## Instructions for the task:
Among the entries below, only the lines from the one with "Caja de madera hexagonal..." through the one with "Tekanna, svart med" are to be retyped, exactly and without pictures.

## Task data:
- - -

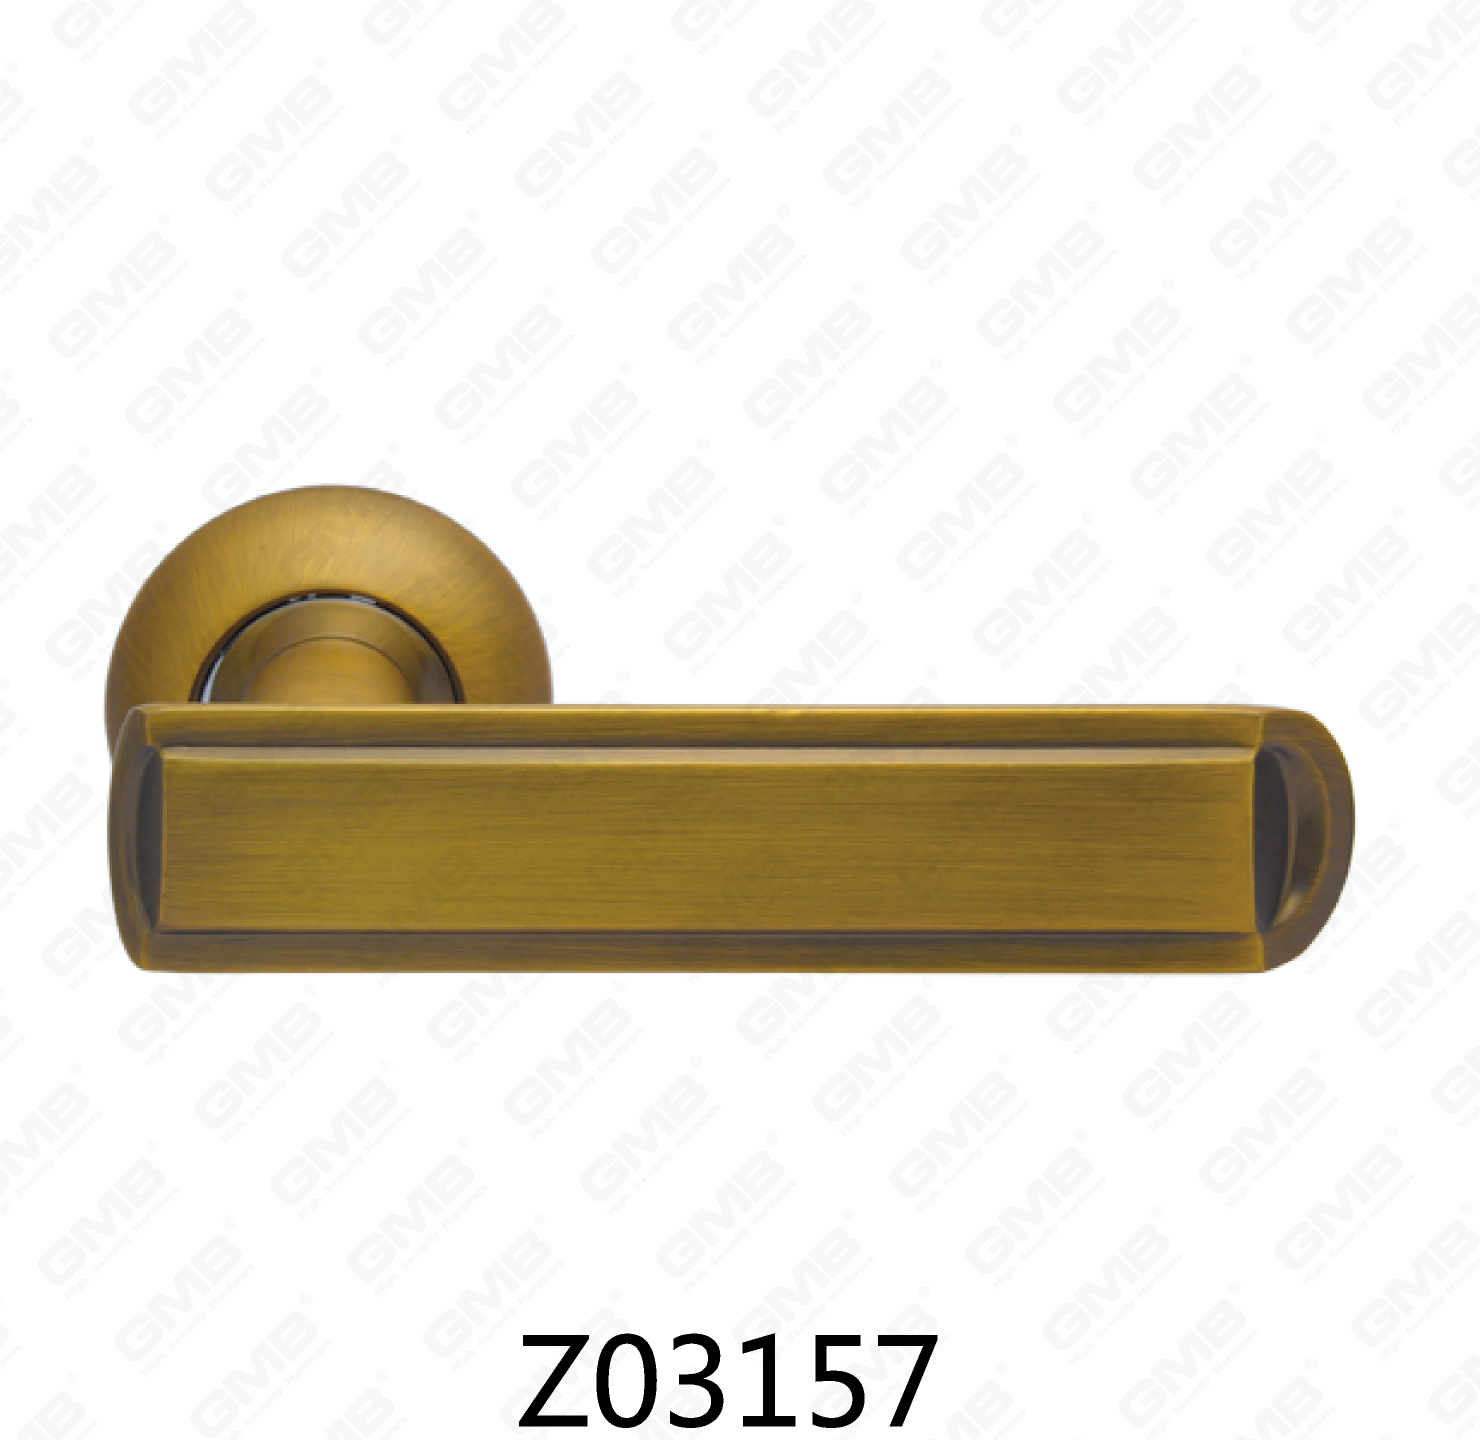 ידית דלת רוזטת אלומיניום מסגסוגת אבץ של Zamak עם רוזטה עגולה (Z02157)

- - -

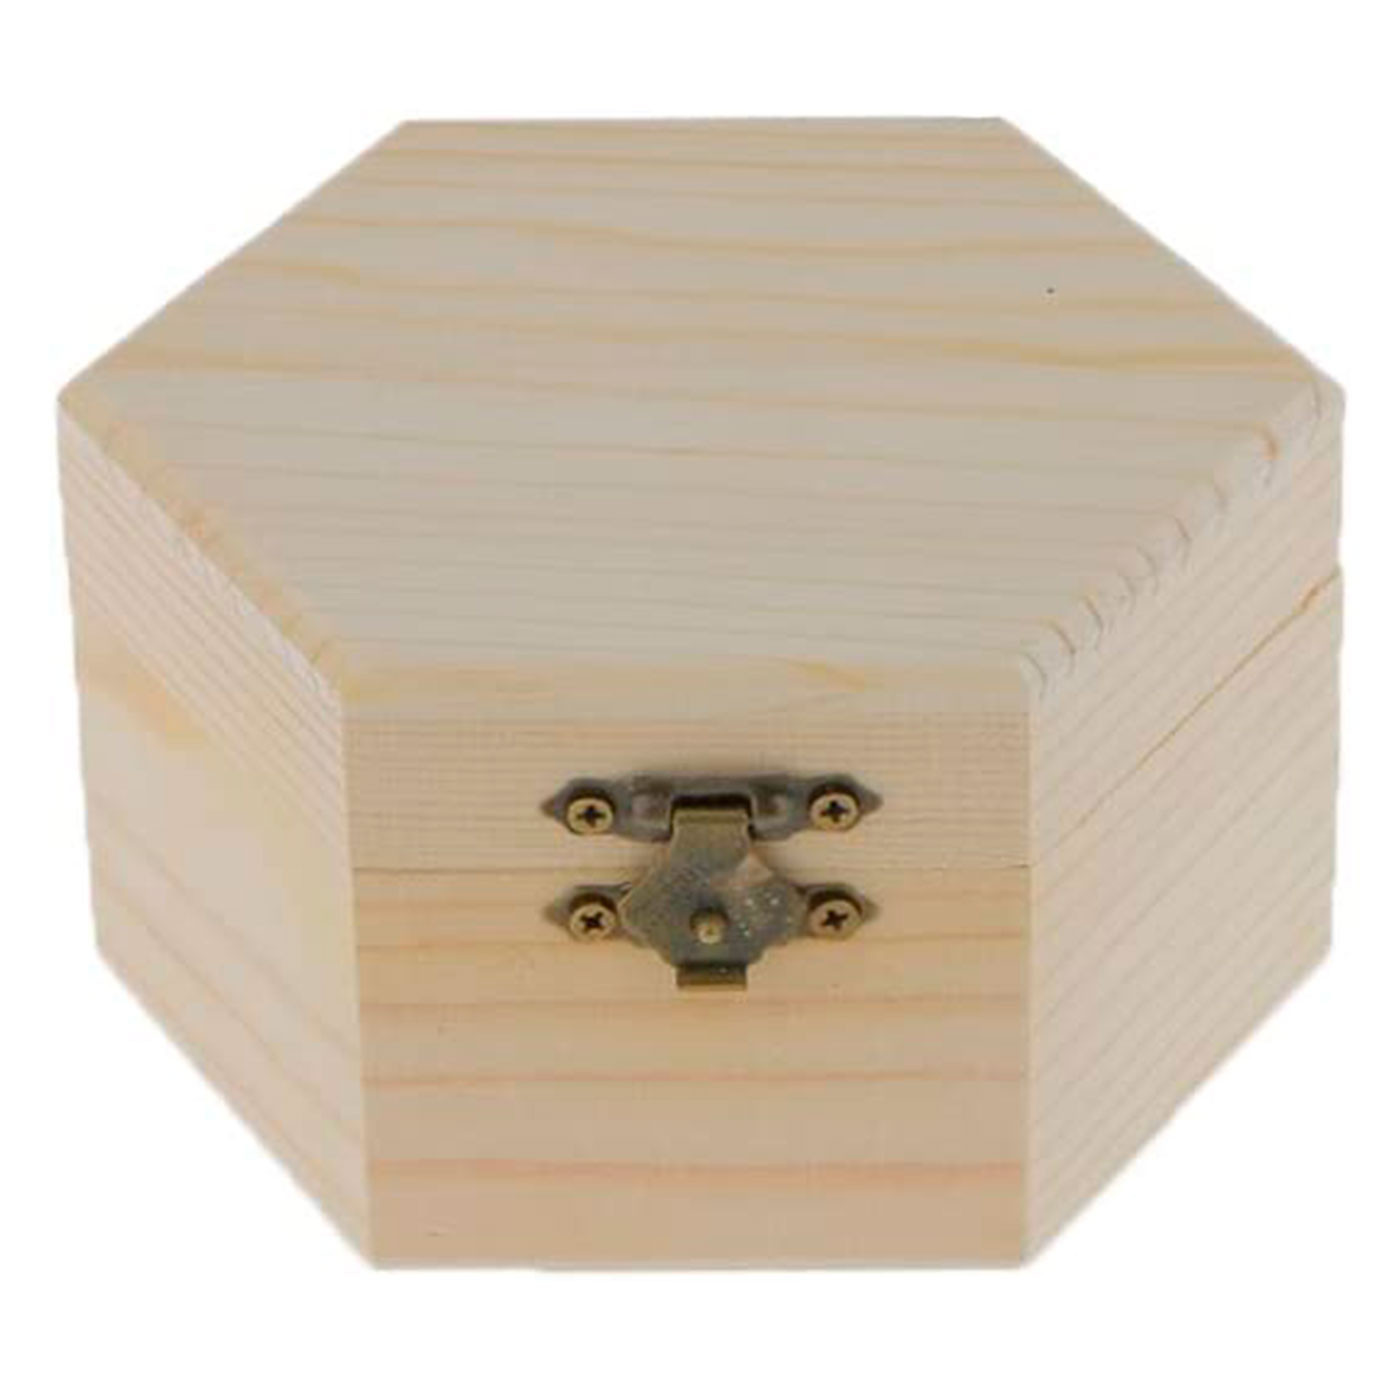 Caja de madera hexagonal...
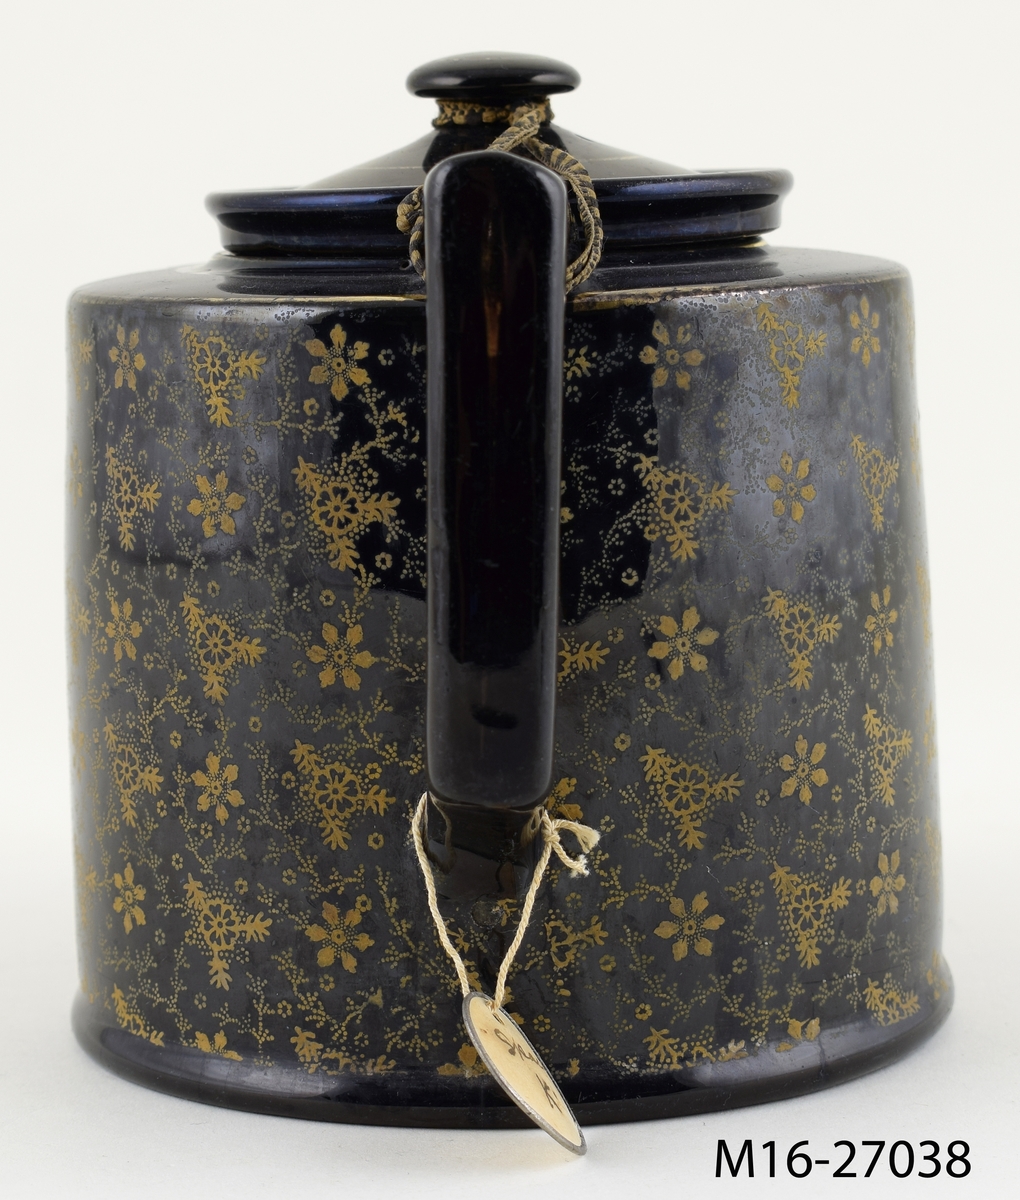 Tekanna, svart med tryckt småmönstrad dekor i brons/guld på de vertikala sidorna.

- - -

## The answer:
 Caja de madera hexagonal...
 Tekanna, svart med tryckt småmönstrad dekor i brons/guld på de vertikala sidorna.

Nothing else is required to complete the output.